Tcl regular expressions

Question

set d(aa1) 1 
set d(aa2) 1                                                                                                                   
set d(aa3) 1
set d(aa4) 1
set d(aa5) 1
set d(aa6) 1
set d(aa7) 1
set d(aa8) 1
set d(aa9) 1
set d(aa10) 1
set d(aa11) 1
set regexp "a*\[1-9\]"
set res [array names d -glob $regexp]
puts "res = $res"

In this case, the result is:

res = aa11 aa6 aa2 aa7 aa3 aa8 aa4 aa9 aa5 aa1

But when I change the regexp from a*\[1-9\] to a*\[1-10\], the result becomes:

res = aa11 aa10 aa1

Answer 1

You need to be sure what you're trying to match because glob style matching and regexp style matching are different in many aspects.

From the docs, glob has the following:

• * matches any sequence of characters in string, including a null string.
• ? matches any single character in string.
• [chars] matches any character in the set given by chars. If a sequence of the form x-y appears in chars, then any character between x and y, inclusive, will match. When used with -nocase, the end points of the range are converted to lower case first. Whereas {[A-z]} matches _ when matching case-sensitively (since _ falls between the Z and a), with -nocase this is considered like {[A-Za-z]} (and probably what was meant in the first place).
• \x matches the single character x. This provides a way of avoiding the special interpretation of the characters *?[]\ in pattern.

Since you are using glob style matching, your current expression (a*\[1-9\]) matches an a, followed by any characters and any one of 1 through 9 (meaning it would also match something like abcjdne1).

If you want to match at least one a followed by numbers from 1 through 10, you will need something like this, using the -regexp mode:

set regexp {a+(?:[1-9]|10)}
set res [array names d -regexp $regexp]

Now, this regexp is I believe the more natural one for a beginner ((?:[1-9]|10) meaning either 1 through 9, or 10, but you can use the form that zx81 suggested with (?:10?|[2-9]) meaning 1, with an optional 0 for 10, or 2 through 9).

+ means that a must appear at least once for the array name to match.

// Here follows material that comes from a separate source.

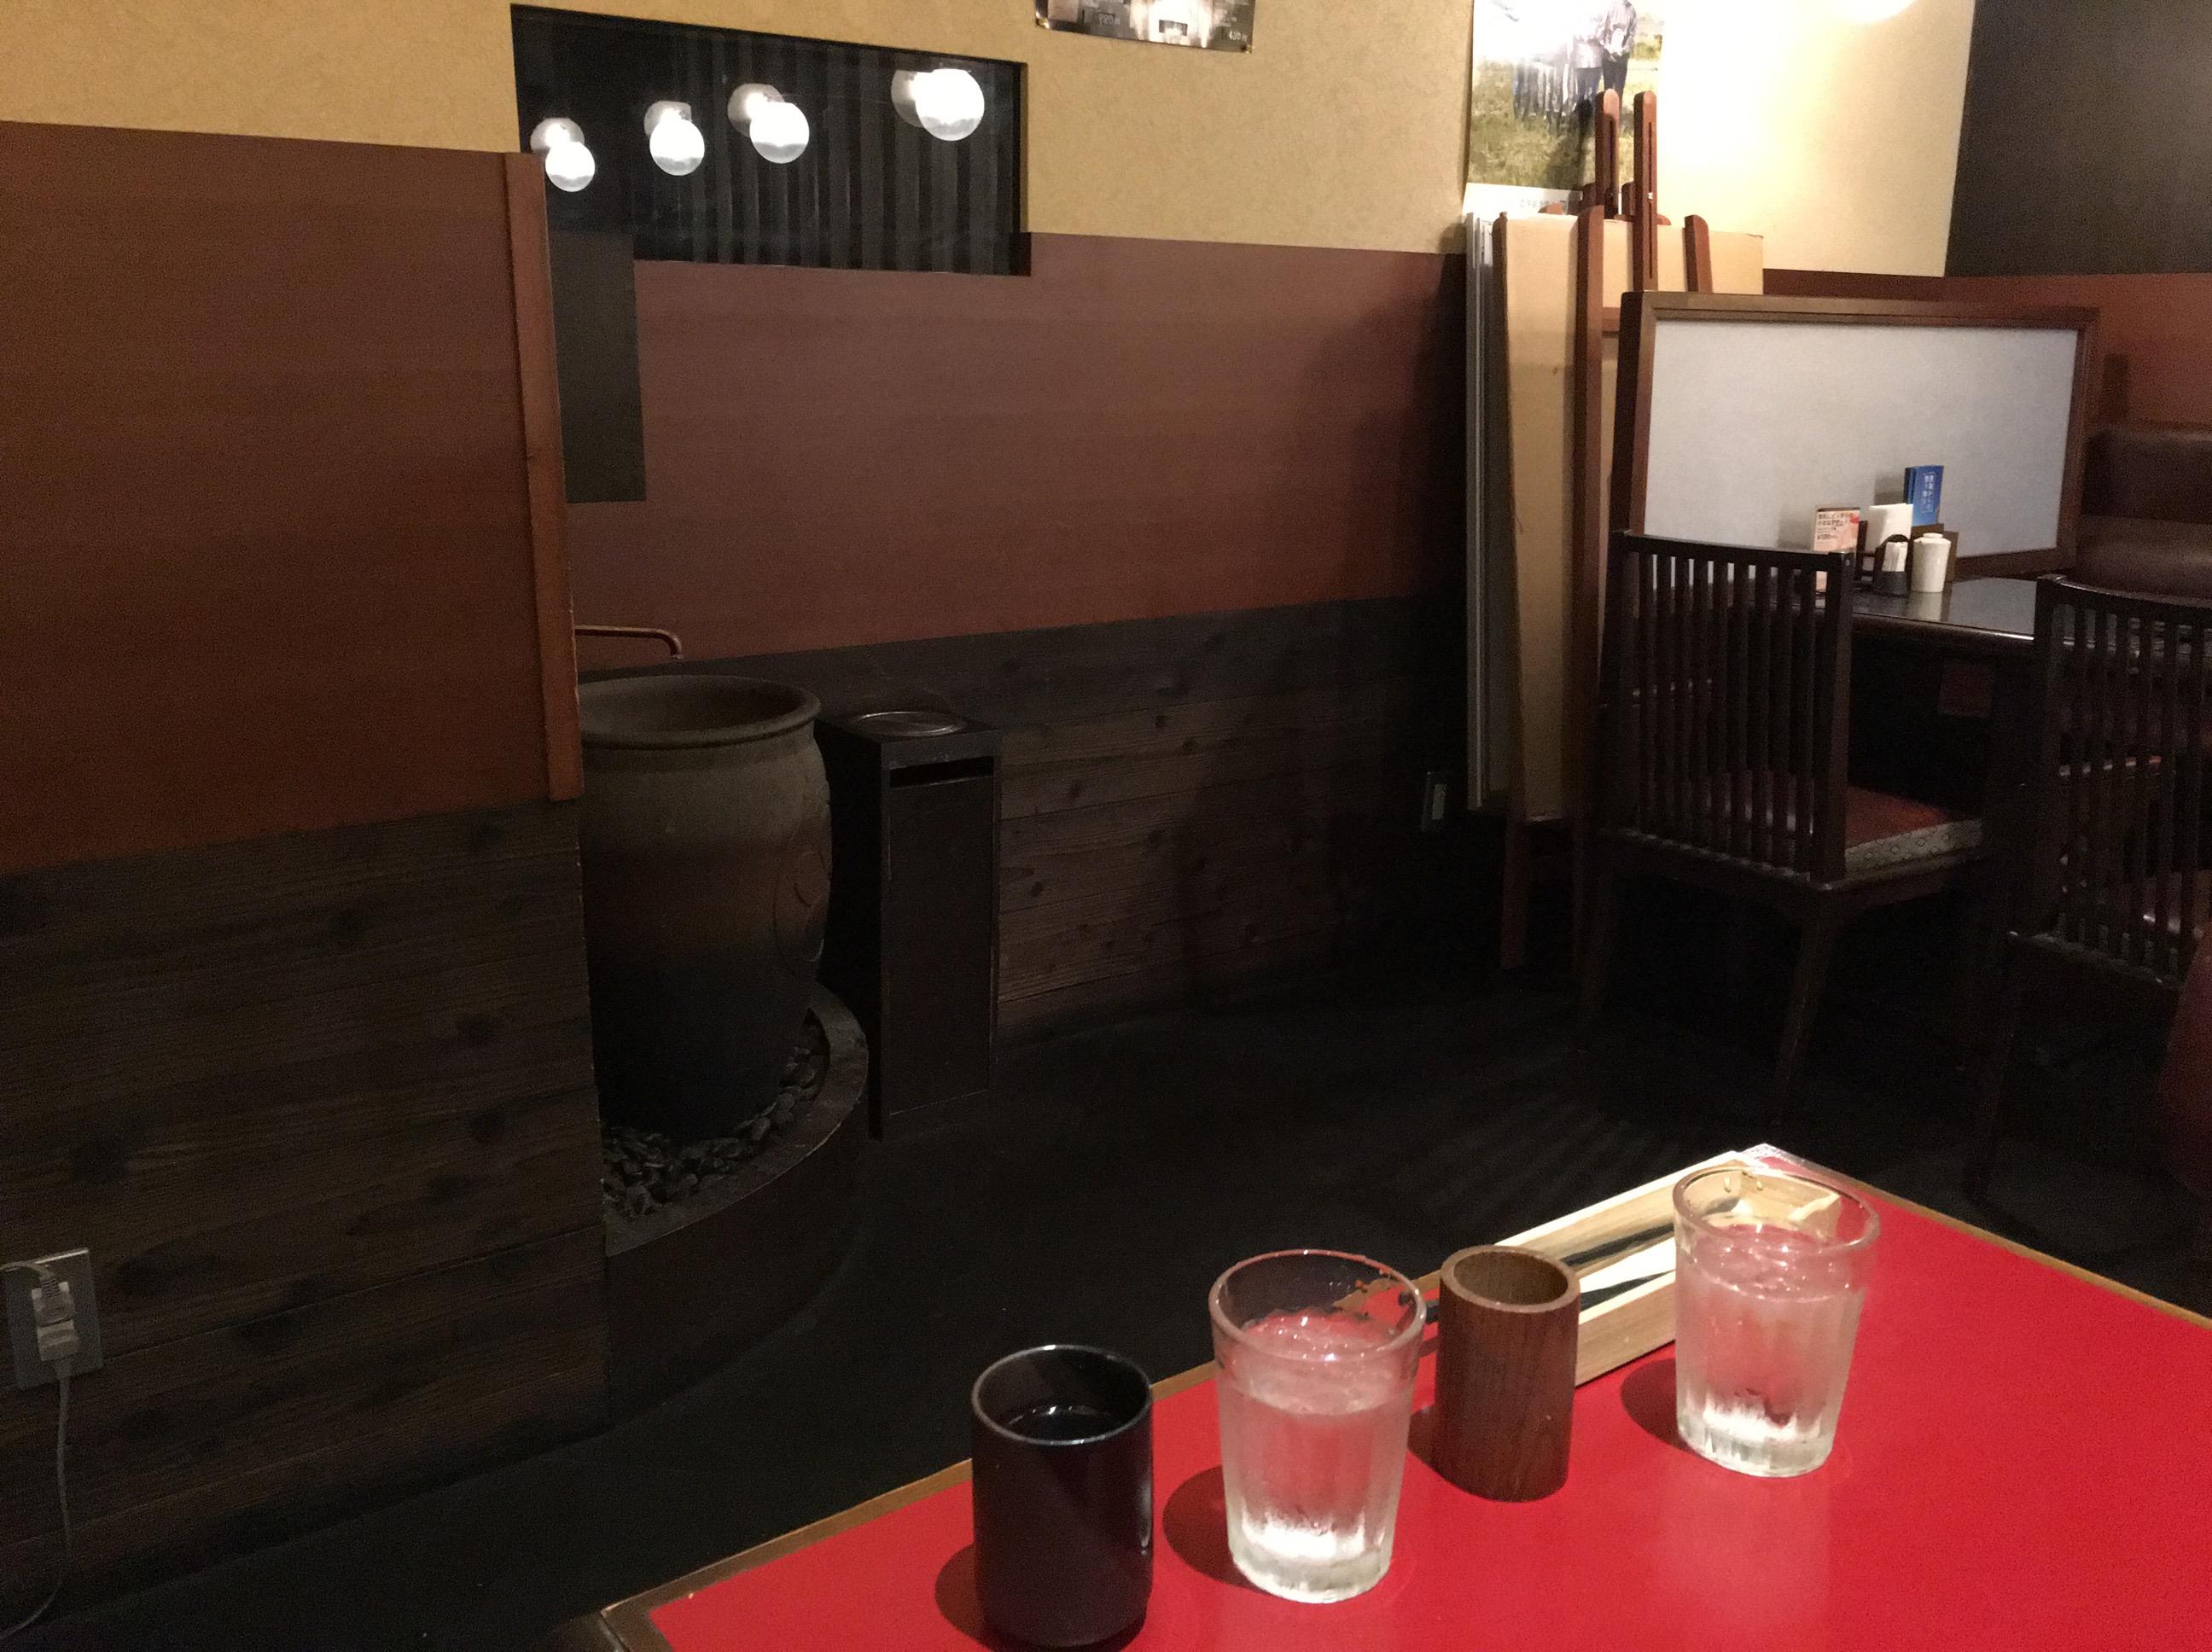 【久喜市】菖蒲モラージュ「五穀」にいってきた!メニュー画像あり

If you now need to match the full names, you will need to use anchors:

^a+(?:[1-9]|10)$

Note: You cannot use glob matching if you want to match at least one a followed by digits, and alternation (the pipe used |) and quantifiers (? or + or *) the way they behave in regexp are not supported by glob matching.

One last thing, use braces to avoid escaping your pattern (unless you have a variable or running a function in your pattern and can't do otherwise).

Answer 2

You have an error in your character class.

• [1-10] does not mean a digit from 1 to 10
• It means 1-1, which is a character ranging from 1 to 1 (i.e., simply a 1), or a 0. This explains your output.
• to express a digit from 1 to 10, use this: (?:10?|[2-9]) (as one of several ways to do it.
• therefore your regex becomes a*(?:10?|[2-9])
• note that if your engine does not allow non-capturing group, you need to remove the ?:, for: a*(?:10?|[2-9])